Надо признать, что и без врача больница не живет. От великих до малых – все необходимы. Великий врач – рентгенолог профессор Гомори. Когда он учился, рентген был двумерным. А теперь он уникальный специалист по всему спектру трех– и четырехмерных томографий – от новейшей спиральной компьютерной до… чего угодно. Я еще и моделей-то этих томографов не знаю, а он уже, глядя на экран, может сказать, что за таинственная, никому не понятная фигня таится в теле больного, опасна ли она, требует ли лечения или может спокойно оставаться на своем месте, не неся в себе никакой угрозы. Когда выдающиеся врачи, повидавшие множество случаев, не описанных в учебниках, спорят между собой на повышенных тонах, то умиротворяющим ответом на гневный вопрос «Откуда ты знаешь?» являются волшебные слова: «Гомори сказал».
Но и начинающие врачи, еще ни в чем не уверенные, бегающие всю ночь от кровати к кровати, делающие, что умеют, и только старающиеся как можно реже будить телефонными вопросами своего Старшего, необходимы больнице. Они и составляют скелет, на котором держится этот великан.
А кроме того, у нас работают физики, химики, кладовщики, лаборанты, биологи, электрики, сантехники, электронщики, слесари, программисты, бухгалтеры, плотники, секретарши, адвокаты, архитекторы, психологи, социальные работники, медицинские клоуны, шоферы, охранники, садовники, генетики и множество уборщиков. А также надзирающие за уборщиками завхозы разных уровней. Не говоря уж о профсоюзных деятелях и работниках администрации, коими густо заселен целый этаж.
Однако мой герой – человек, который на нашем языке называется «домашний работник», а по-русски попросту санитар. У нас санитар занимается только перевозкой больных – на кровати или в кресле на колесиках. Нашего звали грозным именем Калифа. Он был единственным, исключительным, санитаром, обслуживающим только онкологических больных. Ему звонили не через централизованную диспетчерскую, а лично по его номеру.

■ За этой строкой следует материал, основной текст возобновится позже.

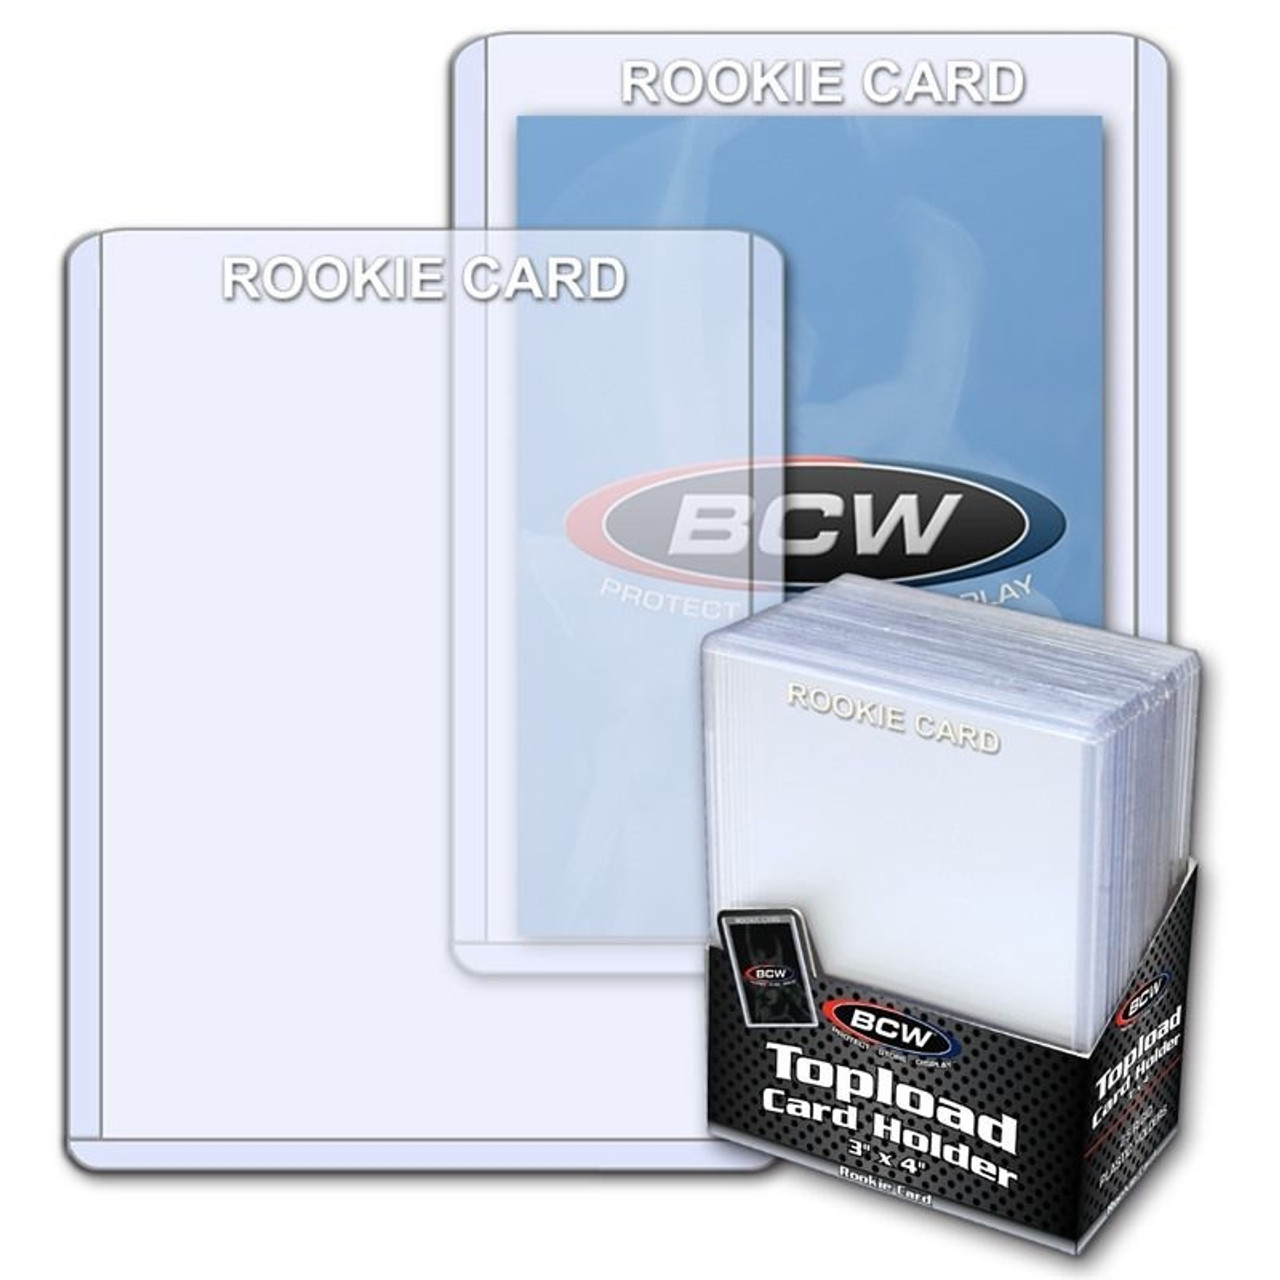 BCW Topload Card Holder - Rookie White 25ct Pack / Case of 40

Иногда он немедленно привозил нужного больного, иногда отвечал: «Она сейчас обедает, оставь ее в покое. Первый раз ест нормально за три дня! Привезу, когда закончит десерт». Иногда говорил: «Поте́рпите! Я пью кофе. Может Калифа спокойно выпить чашку кофе?» Бывало, что и отказывался. Мне однажды сказал, что больного не привезет, потому что то, что я собираюсь делать, Калифе кажется ненужным. И что вы думаете? Поднялись вдвоем с другим физиком на этаж, где расположены палаты, и сами привезли кровать…
Главной необъяснимой особенностью нашего Калифы была его исключительная осведомленность во всех делах на всех уровнях управления. Он безошибочно сообщал о грядущей смене директора больницы, о том, заплатят ли зарплату в страшные дни финансового кризиса, когда вся махина находилась под реальной угрозой закрытия. О пунктах договоренности между администрацией и профсоюзами. О будущих увольнениях и условиях преждевременного вывода на пенсию. О позиции министра здравоохранения и о настроении заведующих разными отделами. Кроме того, он осведомлял директора Института онкологии обо всем, что происходит у нас внизу. Так что она, обладая уникальной памятью, всегда знала о трудовых подвигах, ошибках и некорректных высказываниях в ее адрес каждого из нас.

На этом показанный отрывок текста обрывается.